In what kind of situation would this kind of data movement be needed?
Brockett: The people making movies. When rendering time hits for the final production, they want that all done in the cloud, because they want it done as fast as possible, and it's a big suck of CPU resources. But when they want to do stuff in preproduction or when they're doing site selection, all that stuff happens locally, because the workloads aren't as big.
Douglas BrockettPresident of StorageCraft
So, they think about how to migrate stuff in and out of cloud as their workloads go up and down in these cycles. And as it turns out, the same stuff you do for disaster recovery ends up being a really cool way to migrate workloads in a hybrid environment.
The interesting thing about the rendering world is that it's relatively thin data going in and really fat data coming out. That's not the only world in which that happens. There are a lot of guys that are doing big data analytics, and when they've got the really big jobs, they want to push that stuff up into the cloud. Large, steady-state workloads are not economically efficient in the cloud, but the bursty workloads really are.
Amazon, Google and Azure -- they kill you for running stuff there for a long period of time. And I think people are realizing that. So, their question becomes, 'How do I get all my data up and down, make sure it's consistent, make sure I can do the same thing both on-prem and off-prem?' And the answer is your disaster recovery software was designed to do just that. The problem is it's not sold, marketed, positioned and doesn't have the UI that makes you think about it that way.
Do you see this becoming a trend over the next two years?
Brockett: I think the people who are most savvy about this are cloud guys who have this view that if they're spinning stuff up on the cloud for DR purposes, maybe it should just stay there. They're at the point where they're trying to make their cloud as sticky as possible so that anything that ever touches it ends up migrating and staying there.

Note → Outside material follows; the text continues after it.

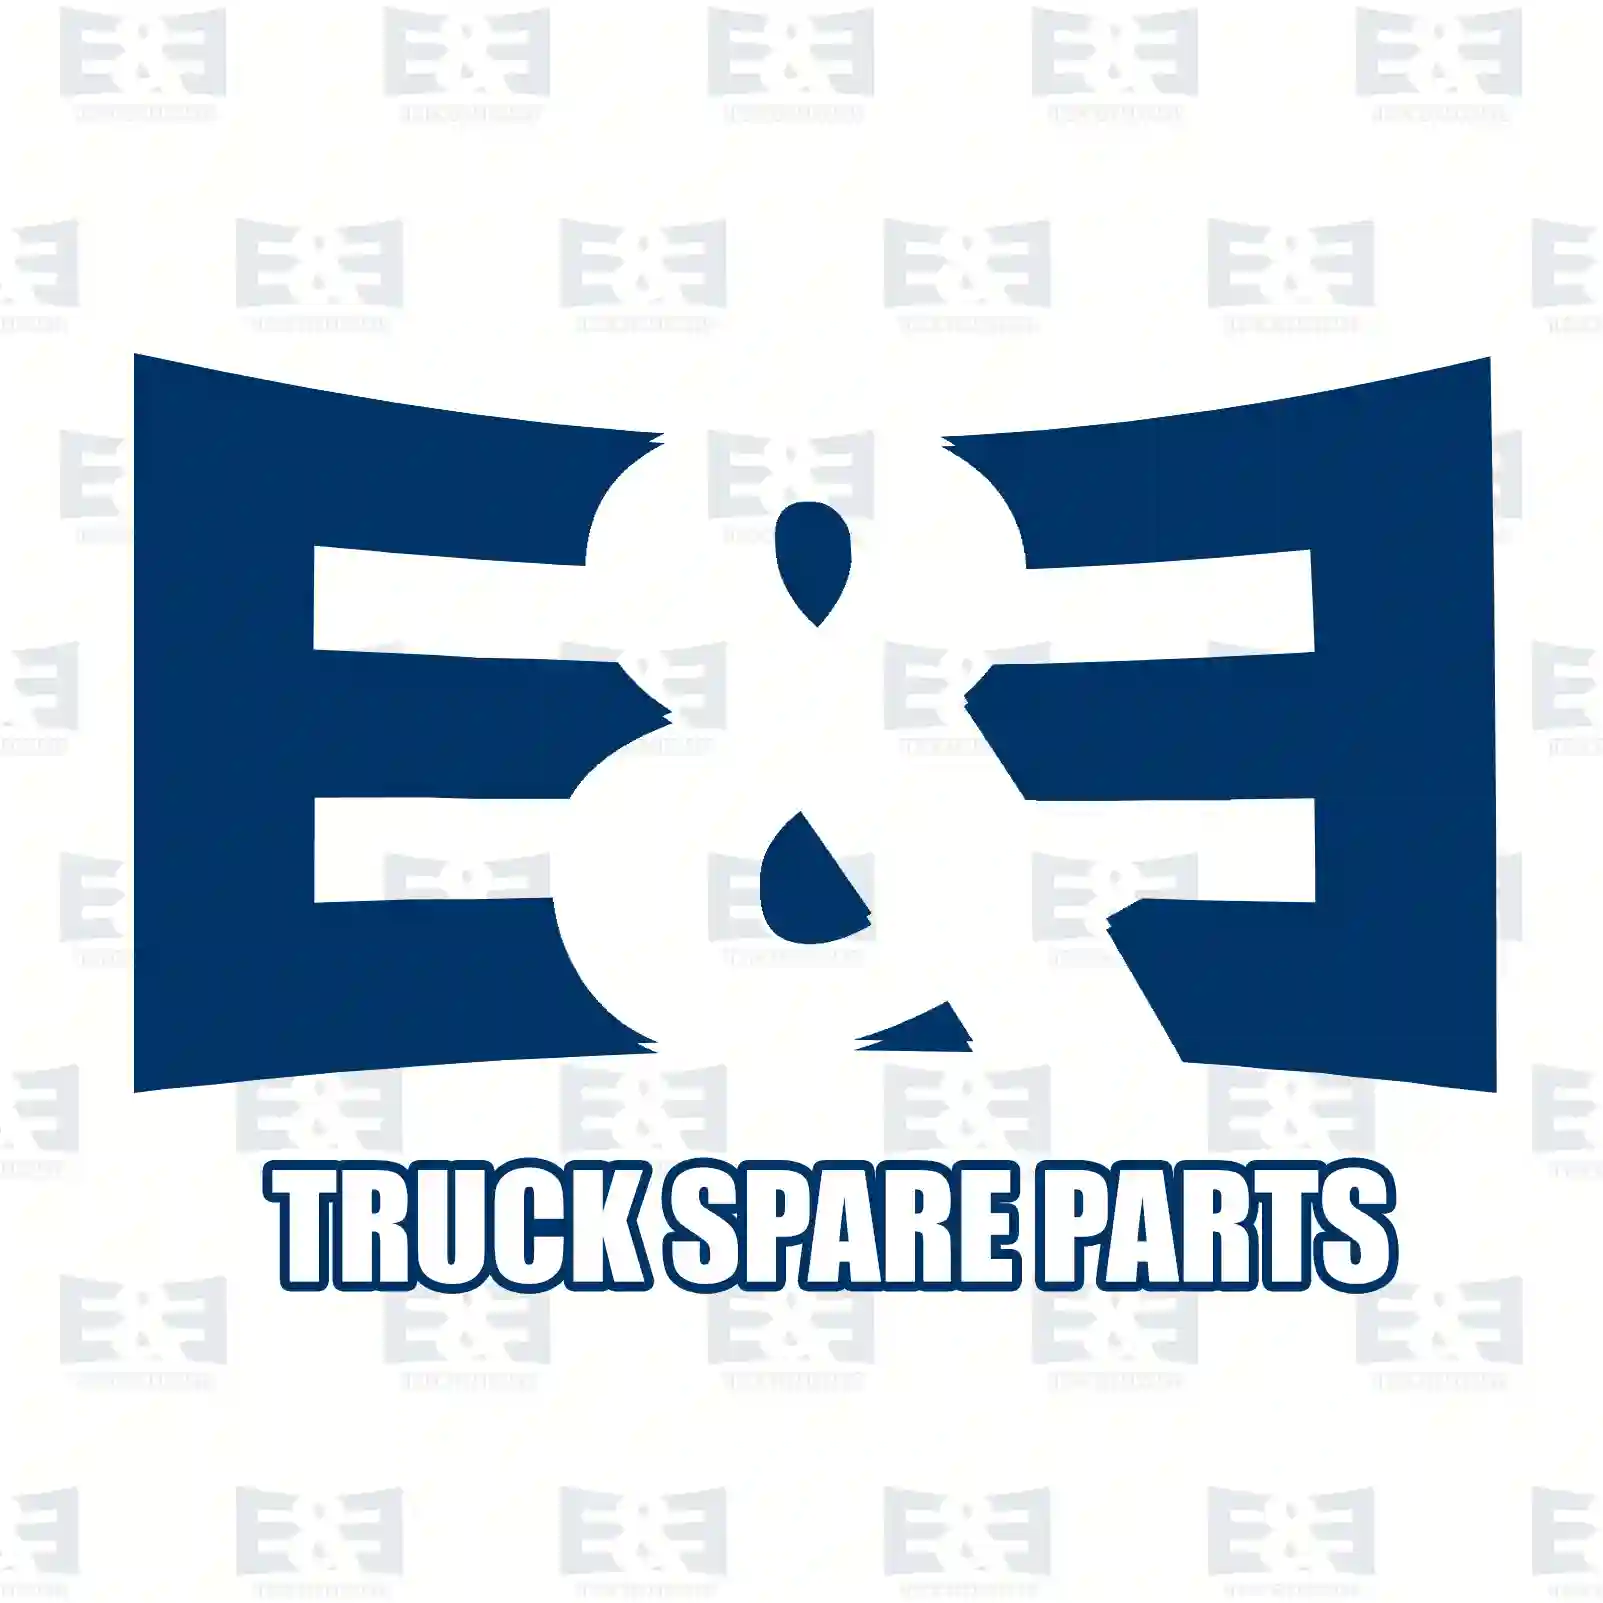 Bumper, complete, plastic, 2E2292976, 81416104103, 8141 ||  2E2292976 E&E Truck Spare Parts | Truck Spare Parts, Auotomotive Spare Parts Bumper, complete, plastic, 2E2292976, 81416104103, 8141 ||  2E2292976 E&E Truck Spare Parts | Truck Spare Parts, Auotomotive Spare Parts

I think you have a generation of CIOs who were early adopters of cloud that are seeing really big bills for doing stuff steady-state. So, the winning strategy for these CIOs is getting as mobile and flexible as possible between on-prem and off-prem.

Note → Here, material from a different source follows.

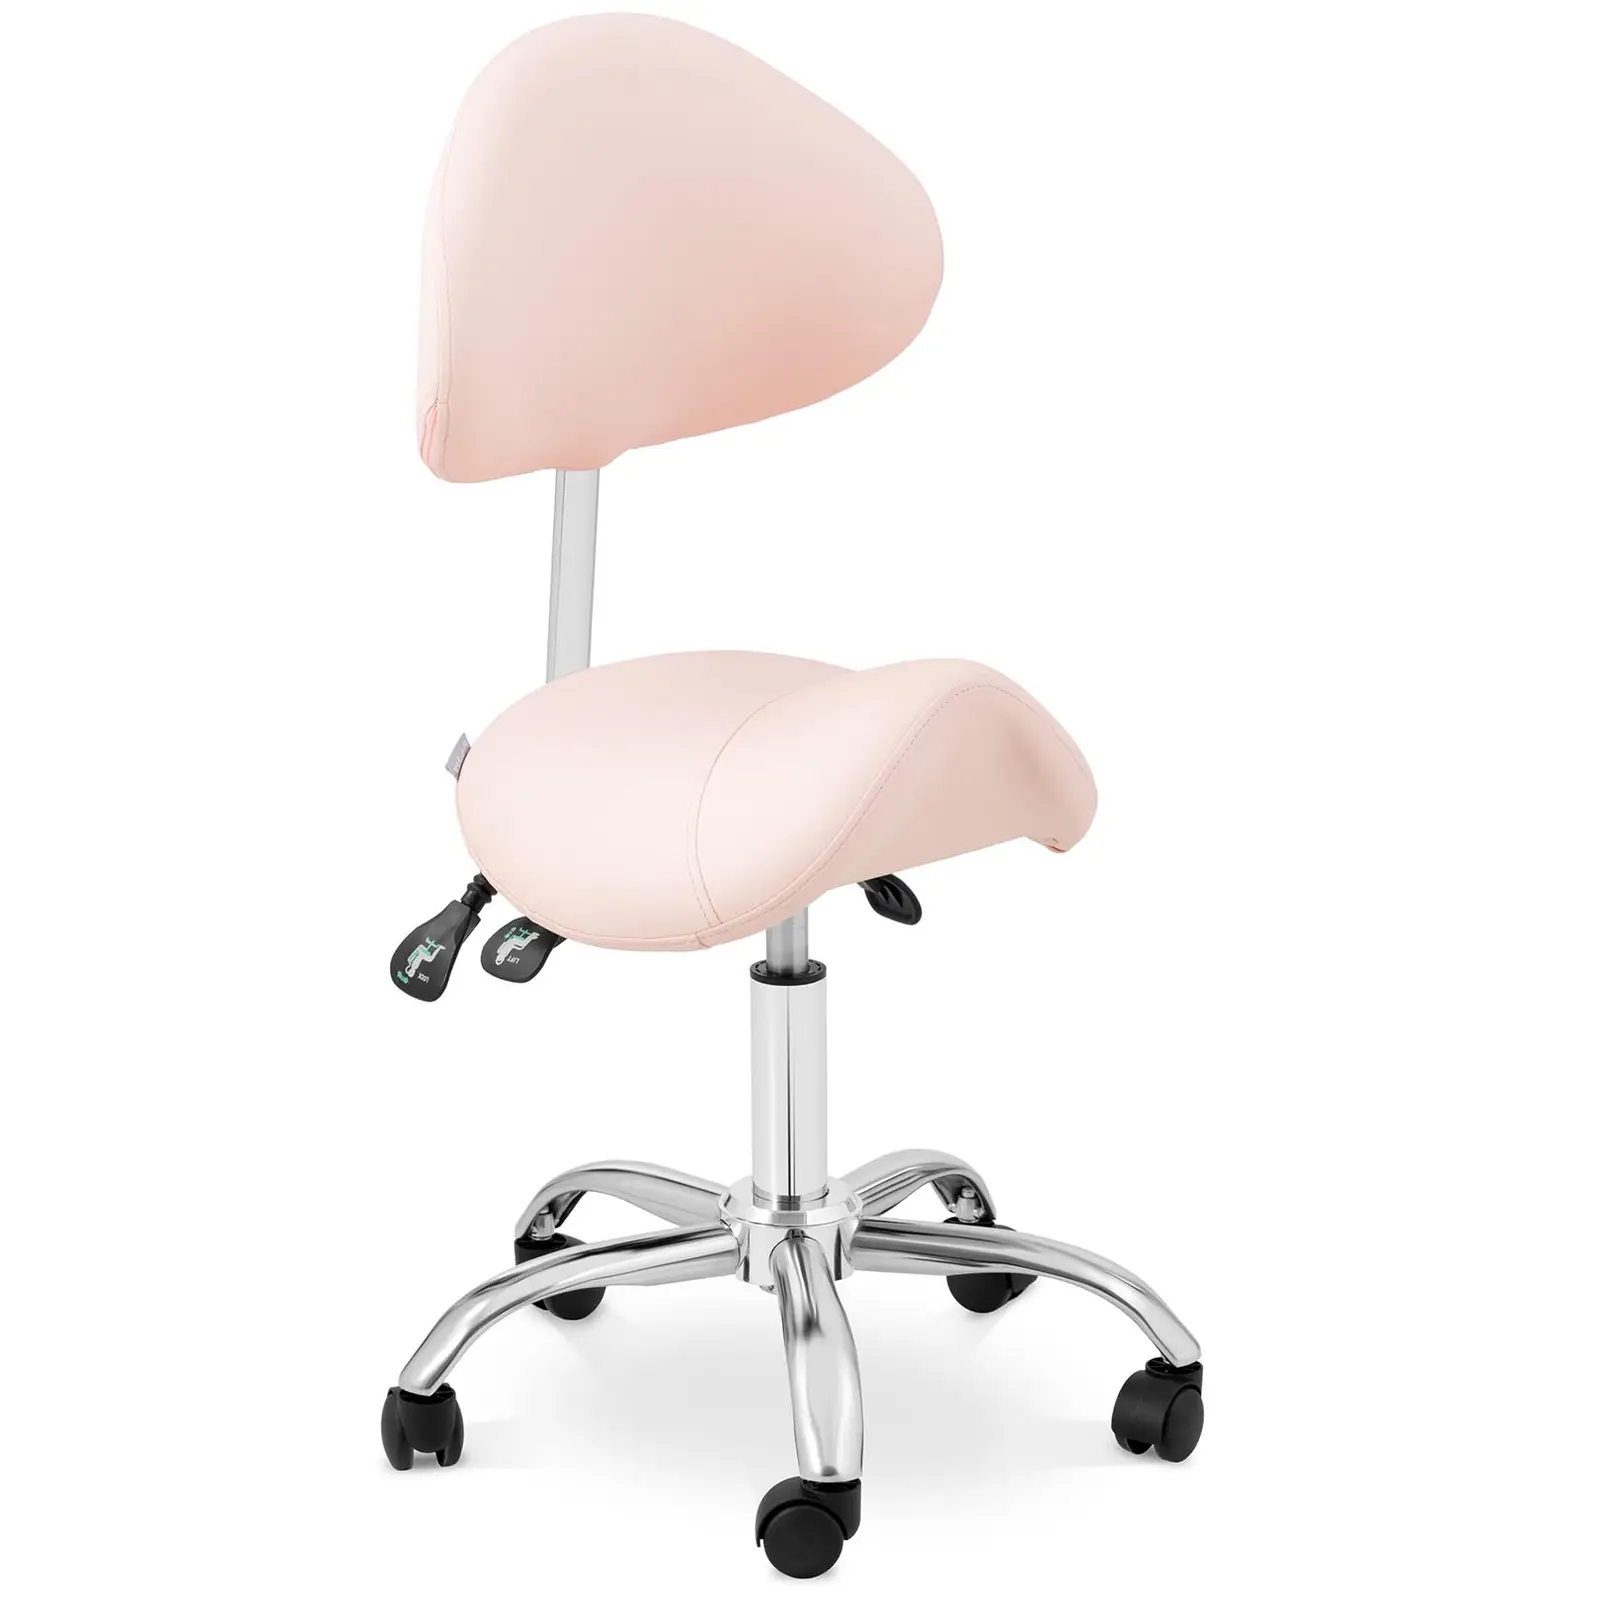 Καρέκλα σέλας - ρυθμιζόμενη καθ' ύψος πλάτη και ύψος καθίσματος - 55 - 69 cm - 150 kg - Pink, Silver

How do you compete against other object store vendors, like IBM Cloud Object Storage, Cloudian and Dell EMC?
Brockett: I think the key thing for us is that we don't make people even need to understand that they're dealing with object storage. You buy a $10,000 or $15,000 box, you flip on the switch, and in five minutes, you have an SMB and NFS share.

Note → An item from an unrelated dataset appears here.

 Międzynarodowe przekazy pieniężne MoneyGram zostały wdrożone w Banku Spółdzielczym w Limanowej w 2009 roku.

We sneak in there without you having to do anything for any app. We look like you just bought an inexpensive NetApp or Data Domain, while giving you all the scale-out benefits of object store. And that doesn't require any developer getting involved.
Channel guys are not typically writing a lot of code or converting a lot of apps from one format to another. They're largely selling other third-party apps. They don't have to go get Ph.D.s in the product before they deploy it. That's how we win.
StorageCraft acquired Exablox object storage in 2017, and it's now a core part of its business. Do you see more acquisitions coming?
Brockett: We don't have anything to announce right now, but we are always looking for stuff to add to the portfolio that brings value to end customers and channel partners.
We live in a very dynamic environment in which new stuff is coming out every day. And to imagine that you and your company, organically, are going to be smart enough to figure it all out, that's a hubris level that I don't have. Nobody has a crystal ball.
I'm pretty happy with where our product lines are right now. Our pattern tends to be to buy companies that are looking over the horizon a bit. We want guys that have things that will be a big market three to five years from now. We'll use acquisitions to jump-start ourselves down that path.